Proprio per far capire quanto sarebbe importante istituire la figura dell’assistente sessuale, per i disabili, il regista siciliano Francesco Cannavà ha girato Because of my body: si tratta di un documentario che segue passo passo il percorso di formazione di 17 persone che, a febbraio 2018, andranno a completare il loro percorso da assistente sessuale con i tirocini, dopo aver seguito un corso teorico diretto da specialisti, avvocati, psicologi e sessuologi.
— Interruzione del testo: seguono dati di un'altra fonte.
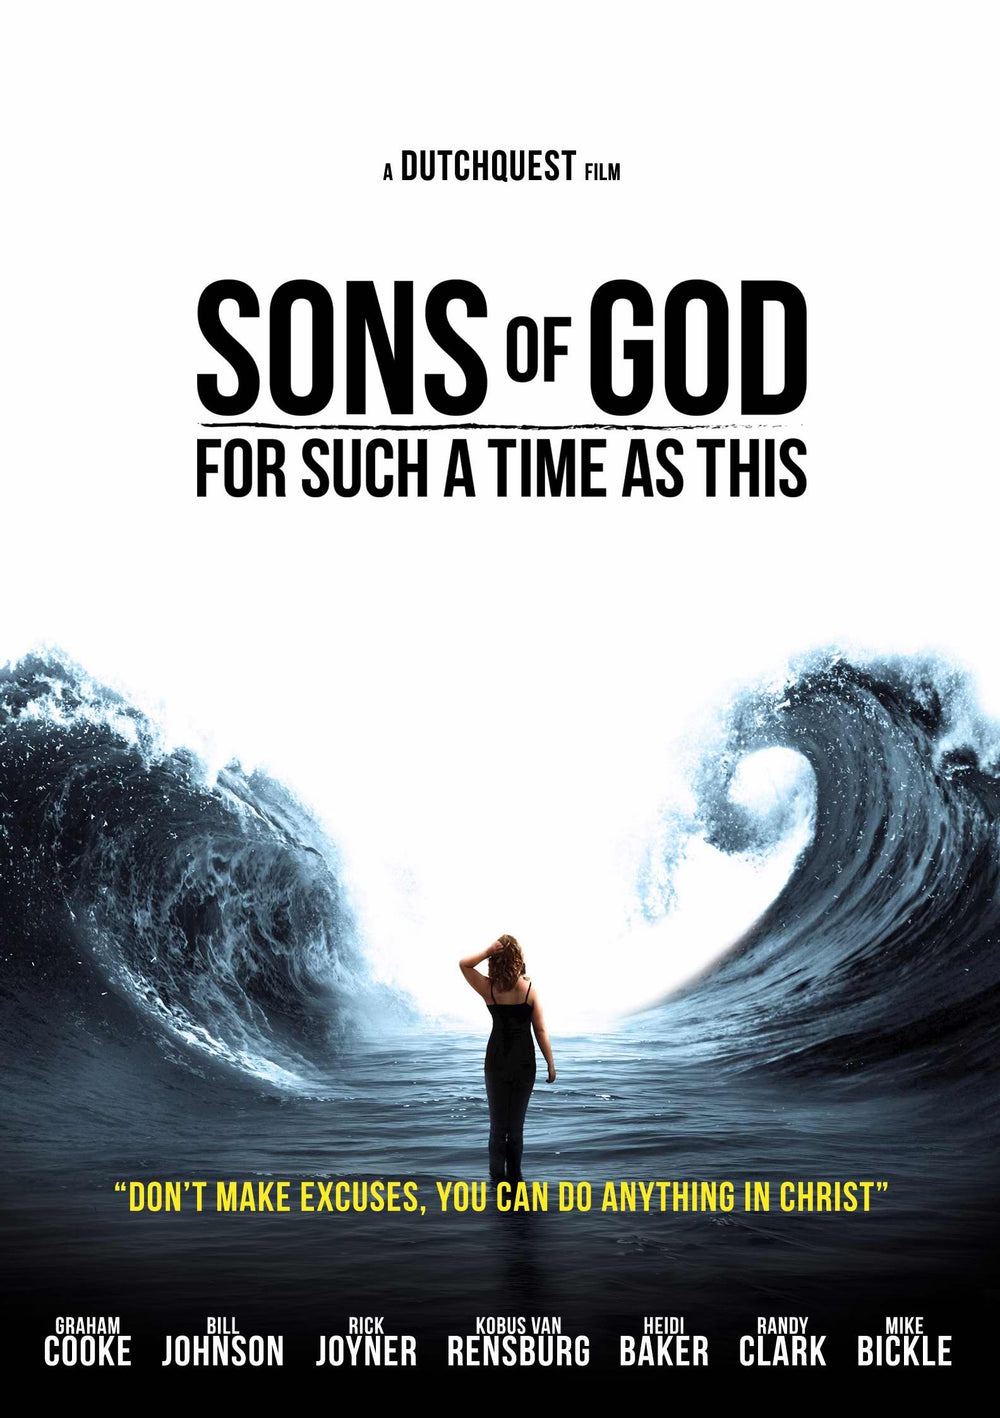 Sons Of God - Documentaire (DVD)

L’associazione Lovegiver, infatti, guidata da Maximiliano Ulivieri, continua a organizzare corsi per chiunque sia interessato a ricoprire questo ruolo, benché la legge non lo riconosca.

Dico sempre che nella sessualità siamo tutti persone disabili, è una sfera piena di conflittualità e contraddizioni – spiega Cannavà a TPI – Il documentario si rivolge a tutti per questo motivo: far emergere dal buio questa problematica, partecipare a una rivoluzione culturale e aiutare tutte le famiglie che stanno vivendo il problema, come le madri costrette a masturbare i figli perché non sanno che esistono altri metodi“.

Il documentario, le cui clip sono visibili a questo link, e tutte le altre iniziative legate (come il progetto fotografico di Anna Pierobon) coinvolgono, continua ancora il regista, “tutte le famiglie italiane da nord a sud, dove da sempre si vive il dramma di non sapere o di non potere aiutare i disabili presenti nel nucleo familiare, in primis perché è stesso lo stato italiano a non fornire gli strumenti per superare l’ostacolo“.

L’obiettivo, ovviamente, è anche quello di superare il forte pregiudizio ancora insito nella cultura, per cui “la disabilità, specie quando è fisica e motoria, è considerata ancora come una deformità o una mostruosità“. Insomma, occorre smettere di considerare il disabile come un essere incapace di provare emozioni, sentimenti e, ovviamente, pulsioni anche fisiche, e iniziare a considerare davvero la possibilità di far godere le persone con handicap fisici o cognitivi del proprio diritto a vivere il sesso. In fondo, è lo stesso Francesco Cannavà a ricordarlo:

Quando si superano le barriere sensoriali della vista, e si riesce a vedere la persona per quello che è dentro, ecco che le differenze tra disabili e normodotati si annullano.